Solid methane hybrid rocket engine. Regression speed increase by oxidizer doping and embedding wires. Vehicle optimization application through motor parameters.

Abstract

This paper presents a novel fuel to be considered for hybrid rocket motors: solid methane. We are showing the potential that this fuel has for hybrid rocket motors from technical perspective as well as from economical perspective. We present an internal ballistic model used to design a hybrid rocket motor with solid methane. We also present a comparison table for solid methane and various cryogenic and non-cryogenic oxidizers. The maximum specific impulse is obtained for the solid methane-LOX pair with a value of ∼315 seconds under specific conditions. Although a solid methane-LOX motor shows higher than averages values for the regression speed, these values are still low by performance standards.
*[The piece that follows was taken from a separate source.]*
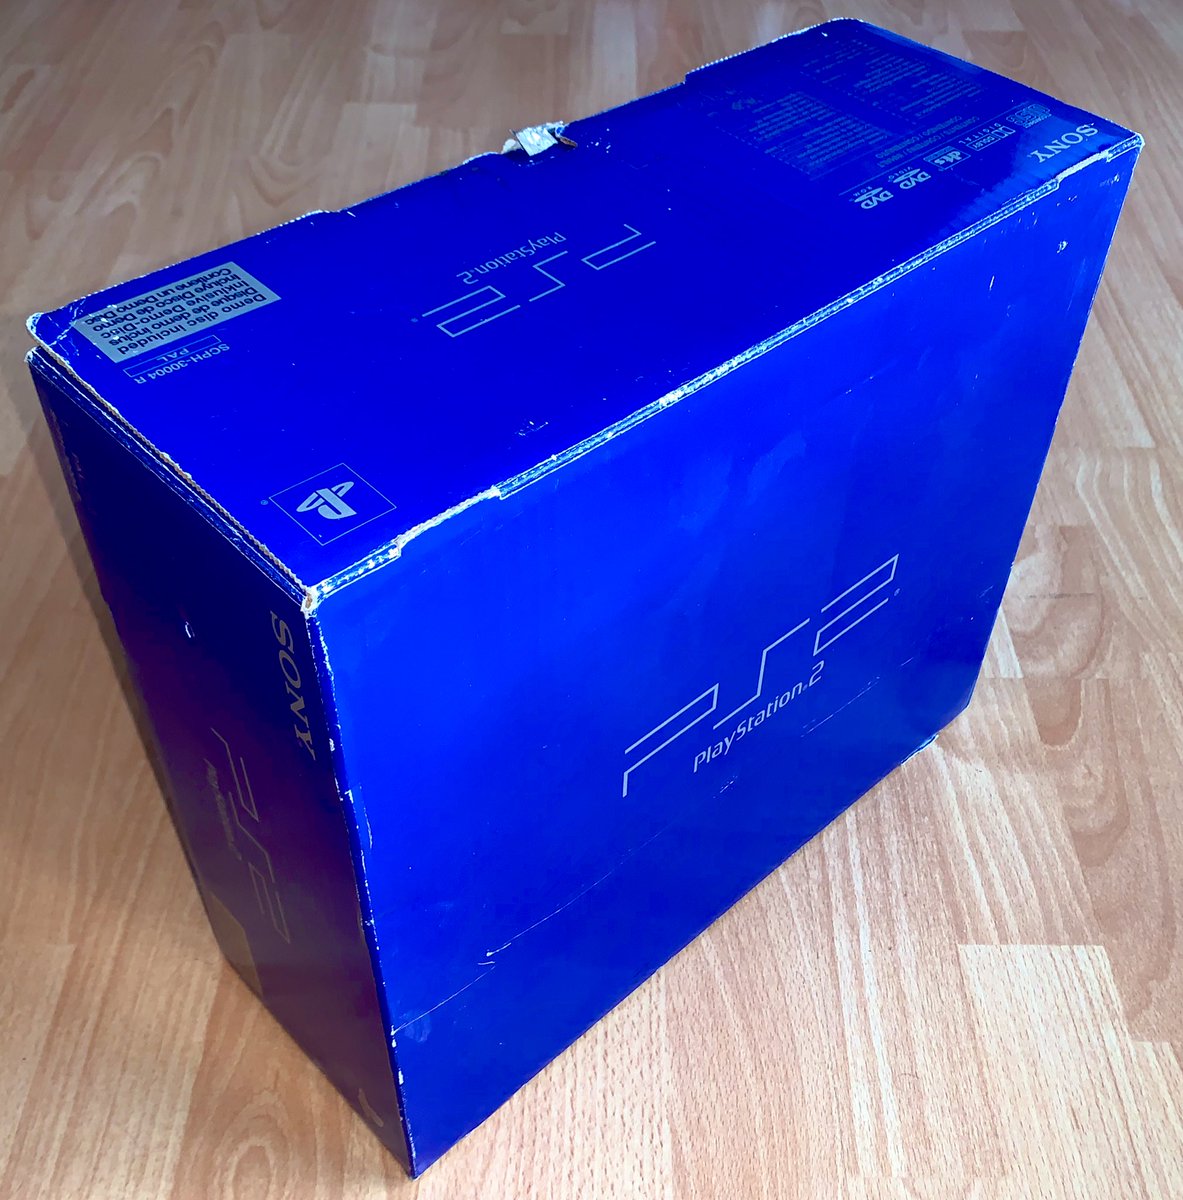 Sony PlayStation 2 (2000) La PS2 fat historique, noire dans sa boîte bleue ! Ce n’est pas la première série mais presque : celle-ci, ultra complète, est de 2001 et se porte toujours comme un charme. À noter que le mini-DVD média est toujours scellé et n’a jamais été utilisé…

We present two models that predict the regression speed increase for embedding wires and for oxidizer doping with a factor of ∼2–3. An experimental setup that can be used to verify these models is further presented in the paper. Finally, we present a potential application for solid methane hybrid rocket motors in the form of an upper stage propulsion unit for orbital/suborbital vehicles. We find a practical interdependence relation between structural optimization (dry mass) of the launcher and the performance parameters of the motor. We present a study case of such a vehicle intended to place a 50 kg payload on low earth orbit (300 to 500 km altitude). Developing such a launcher is both environmentally safer than current approaches and economically more efficient because methane reserves are a rich resource worldwide.